To interpret the model and tentatively identify the chemical entities responsible for the MRSA growth inhibition, a selectivity ratio plot was generated (Fig. 1A). This plot revealed several marker ions that were strongly correlated with bioactivity, but could not provide structural information about these components. To generate such structural information, molecular networks were generated using MS/MS data from second-stage and third-stage chromatographic fractions (fractions resulting from two or three rounds of chromatographic separation, Supplementary Fig. S1). The resulting molecular networks were filtered using the biochemometric selectivity scores to identify molecular families of putative active compounds and assign tentative structures to candidate molecules (Supplementary Fig. S3). Interestingly, one second-stage molecular network and one third-stage molecular network identified the chalcones 4-hydroxyderricin (1) and xanthoangelol (2), which are the only known anti-MRSA compounds from A. keiskei [13]. Other known A. keiskei chalcones were also identified (Fig. 2). The same networks also contained masses of seven of the top ten contributors to bioactivity (marker ions A–G, Table 2) based on the biochemometric model (Fig. 1B–1C), suggesting that chalcones are responsible for A. keiskei’s antimicrobial efficacy against MRSA. The combination of biochemometrics and molecular networking enabled identification of a subset of these chalcones for prioritization and subsequent analysis, making it possible to predict the identity of biologically active extract components prior to isolating them.

Fig. 1.

Selectivity plot (A) and selected molecular networks of second-stage (B) and third-stage (C) fractions of A. keiskei root extract. Bars have been color coded in A and points have been color coded in B and C only if they were both correlated with bioactivity and appeared in molecular networks of interest. Predicted active compounds in A appeared almost exclusively in these networks, indicating that a particular class of compounds is responsible for A. keiskei’s antimicrobial activity.

Fig. 2.

Molecular networks comprised of compounds detected in A. keiskei built from fractions following one (left) and two (right) stages of fractionation. In top networks, compounds marked in red match accurate masses of known A. keiskei chalcones. In bottom networks, green compounds match accurate masses of known antimicrobials 1 and 2, yellow compounds match known chalcones that have not been shown to possess anti-MRSA activity, and red compounds were correlated with bioactivity based on biochemometric selectivity ratio analysis but do not match known masses from the literature.

Table 2.

Tentative Identification of Putative Bioactive Chalcones from A. keiskei.

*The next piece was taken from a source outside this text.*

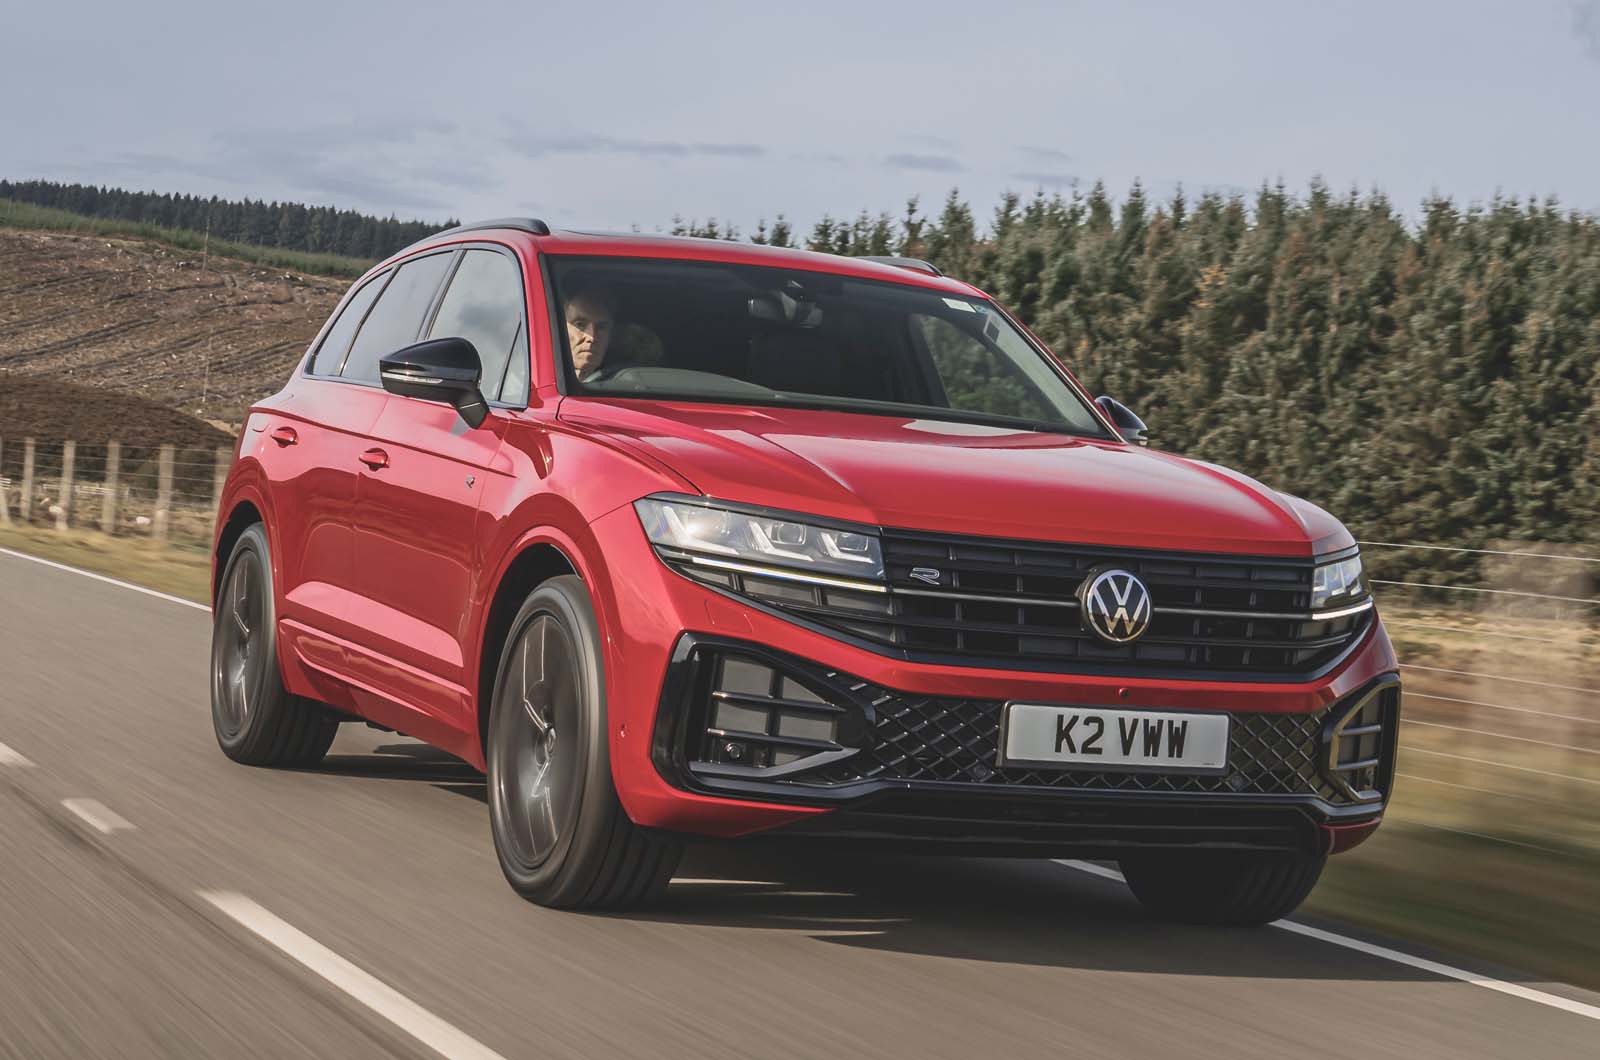 The Volkswagen Thing: A European Answer To The Jeep

Marker ion	Ion/retention time (molecular formula, δ (ppm))	Adducts and fragments (molecular formula, δ (ppm))	Tentative identification(s)
A	421.202 [M-H]- / 6.23 (C26H29O5-, 1.189)		4,2’,4’-trihydroxy-3’-[(2E, 5E)-7-methoxy-3,7-dimethyl- 2,5-octadienyl]chalcone a Xanthoangelol G a
B	391.191 [M-H]- / 6.77 (C25H27O4-, 0.168)	505.184 [M-H + TFA]- (C25H27O4 + C2HF3O2, 0.399) 271.134 [M-H – C8H8O]- (C17H19O3-, 2.141) 783.389 [2M-H]- (2C25H28O4 – H, 0.886)	Xanthoangelol b
C	391.191 [M-H]- / 5.59 (C25H27O4-, 0.168)		Xanthoangelol I a
D	351.123 [M-H]- / 5.52 (C21H19O5-, 0.708)		Xanthoangelol K b
E	407.186 [M-H]- / 6.58 (C25H27O5- ,0.371)		Xanthoangelol B a (2E)-1-[3,5-dihydroxy-2- methyl-2-(4-methyl-3- [penten-1-yl)-3,4-dihydroxy- 2H-chromen-8-yl]-3-(4- hydroxyphenyl-2-propen-1- one) a (2E)-1-[4-hydroxy-2-(2- hydroxy-6-methyl-5-hypten- 2-yl)-2,3-dihydro-1- benzofuran-5-yl]-3-(4- hydroxyphenyl)-2-propen-1- one a
F	379.155 [M-H]- / 5.97 (C23H23O5-, 1.19)		Potentially new chalcone derivative c
G	439.211 [M-H]- / 5.17 (C26H31O6-, 2.422)		Potentially new chalcone derivative c

^apreviously reported from Angelica keiskei Koidzumi, identified using accurate mass data [12].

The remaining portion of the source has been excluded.